The following is a simple example on how to bulk load The District Of Columbia 311 Service Requests. I downloaded the data in CSV format from 01/01/2010 to 12/31/2010. This is not a big dataset (about 430,000 records), but it is nice one to start with as each record has a couple of dates, times, a latitude and a longitude value. The file is henceforth named DC_311_2010.csv.

Install Elasticsearch

Download and install Elasticseach

Note: Before starting the server, make sure to:

Define the env variable ES_HEAP_SIZE to set both the minimum and maximum memory to allocate.
Adjust the property network.host in the config/elasticsearch.yml. This will be henceforth known as ${ES_HOST}.

Install kopf Plugin

Kopf is a web admin interface for elasticsearch

$ bin/plugin --install lmenezes/elasticsearch-kopf/master
$ open http://${ES_HOST}:9200/_plugin/kopf

Install SQL Plugin

This plugin enables the query of Elasticsearch indexes using SQL.

$ bin/plugin -u https://github.com/NLPchina/elasticsearch-sql/releases/download/1.3.4/elasticsearch-sql-1.3.4.zip --install sql
$ open http://${ES_HOST}:9200/_plugin/sql

Note: Had to restart the server for this plugin to work - not sure why !

Generate Properties File

Since the downloaded CSV file has a header to describe the values in each record, we will use the header values to generate an initial .properties file using the gen-properties.py script.

$ gen-properties.py DC_311_2010.csv

The script reads the first line of the DC_311_2010.csv file and generates a sibling file named DC_311_2010.properties, where all the document properties are assumed to be of type string.

Adjust Properties Types

Scanning a sample of the input data, we can recognize date formatted values, integers, floats and geo fields.

Check out the adjustments in the file data/DC_311_2010.properties.

Note to myself: One of these days, have to integrate a 'smart' value recognizer, rather than doing this by hand. After all, that is what computers are for :-)

Generate Elasticsearch Index/Mapping File

A mapping file can be generated from the .properties file using the gen-mapping.py script.

Make sure to first install the pyjavaproperties python module.

$ pip install pyjavaproperties

$ gen-mapping.py DC_311_2010.properties

Note You might want to modify the number_of_shards and number_of_replicas as they are set for a development environment with values of 1 and 0.

Creating the Index and Mapping

$ curl -XDELETE "${ES_HOST}:9200/dc";curl -XPOST "${ES_HOST}:9200/dc" -d @DC_311_2010.json

In the ESToolbox.pyt toolbox exists the CreateIndexTool tool to create an ES index.

Make sure to first install the elasticsearch-py python module.

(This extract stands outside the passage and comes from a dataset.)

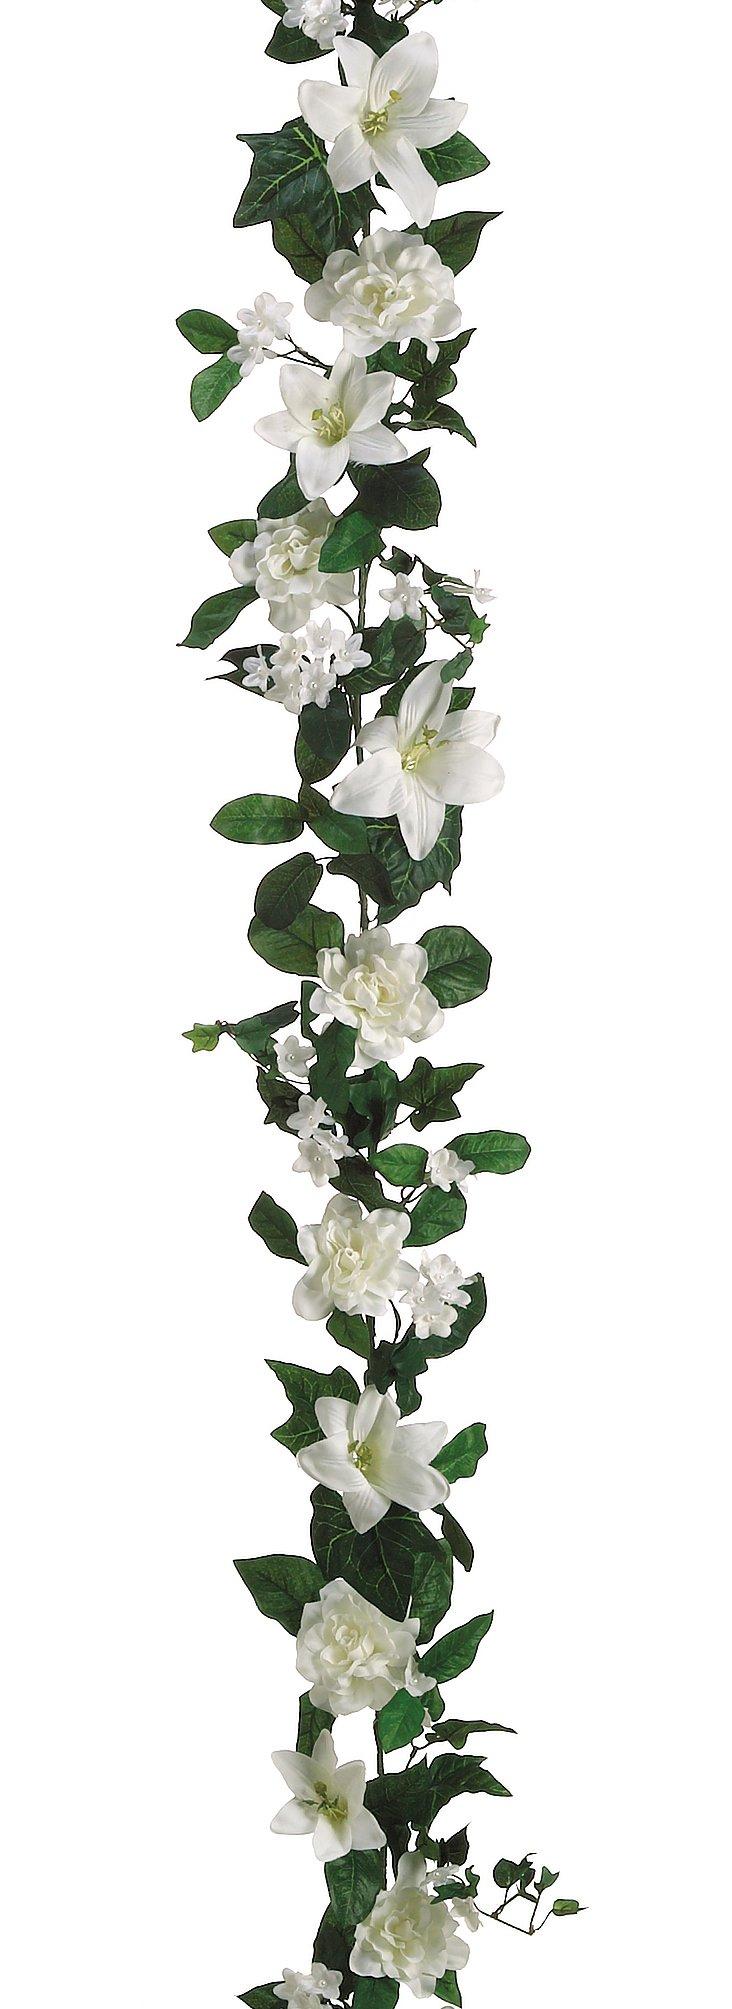 6' Lily & Gardenia Garland, Faux

$ pip install elasticsearch

Bulk Load CSV using Spark

Download and install Apache Spark and make sure the Spark bin path is appended to the value of your PATH environment variable.

Bulk load the CSV by submitting the following spark job:

$ spark-submit spark-csv-es-[VERSION].jar DC_311_2010.properties

The data shards and replications can be seen in the kopf web dashboard:

The data can be queried using the SQL plugin:

Sample queries

SELECT loc, loc_xm, loc_ym FROM dc/sr311 limit 32

Query the geo locations and associated web mercator values for the first 32 documents.

SELECT servicecodedescription,count(servicecodedescription) FROM dc/sr311 where serviceduedate_dow=1 group by servicecodedescription

Count by service code description the servive requests that are due on a Monday (dow=1)

SELECT loc_100,count(loc_100) FROM dc/sr311 where serviceduedate_dow=1 and loc_100 <> '0:0' group by loc_100

Find the population density of service requests that have a due date on a Monday at a 100 meter resolution. The loc_100 value is a composite of the row and column of a 100 meter hexagon centroid. The following section will describe how to convert the centroid row column values into a polygon feature to be displayed on a map.

Visualizing the Documents

To view the documents, we will query Elasticsearch using an ArcPy tool. The tool submits SQL queries to the SQL plugin rest endpoint (http://${ES_HOST}:9200/_sql) and the resulting documents are converted to features in an in-memory feature set. The feature set is defined as an output parameter to the tool and will be implicitly added to the map as a layer.

There are 2 tools in the ESToolbox.pyt tool box:

Query Tool

This tool enables the user to define a where clause to filter the service requests on the server side and converts the resulting hits into point features.

Note: there is a hard limit of 100,000 resulting documents in the default implementation.

Hex Density

This tool enables the user to define a where clause to filter the service requests on the server side and a hexagonal clustering size. The resulting hits are converted to features with hexagon shaped polygons for geometry and the number of service requests that fall into its area as attribute.

There is no spatial point in polygon operation in the above query. This is a pure group by SQL operation, because all the services requests have be preprocessed at load time with the hexagonal indexes that they will fall into. And these indexes have been added as searchable properties into the document enabling fast aggregation based on a user specified index.

What is actually returned by Elasticsearch is the hexagon index in the form of a row and column. The conversion from row/column to an array of coordinates that make up the polygon shape is done on the client side at runtime. Retuning indexes massively reduces the network payload and makes the server do less work because the polygon coordinates generation is offloaded to the client. This is cooperative processing between the client and the server, a term I used to use 20 years ago on SDE when I was a specialist on it !

TODO

Convert configuration file to JSON format
Convert the bulk loader to a Tool in a Toolbox

References

https://github.com/elastic/elasticsearch-hadoop/issues/624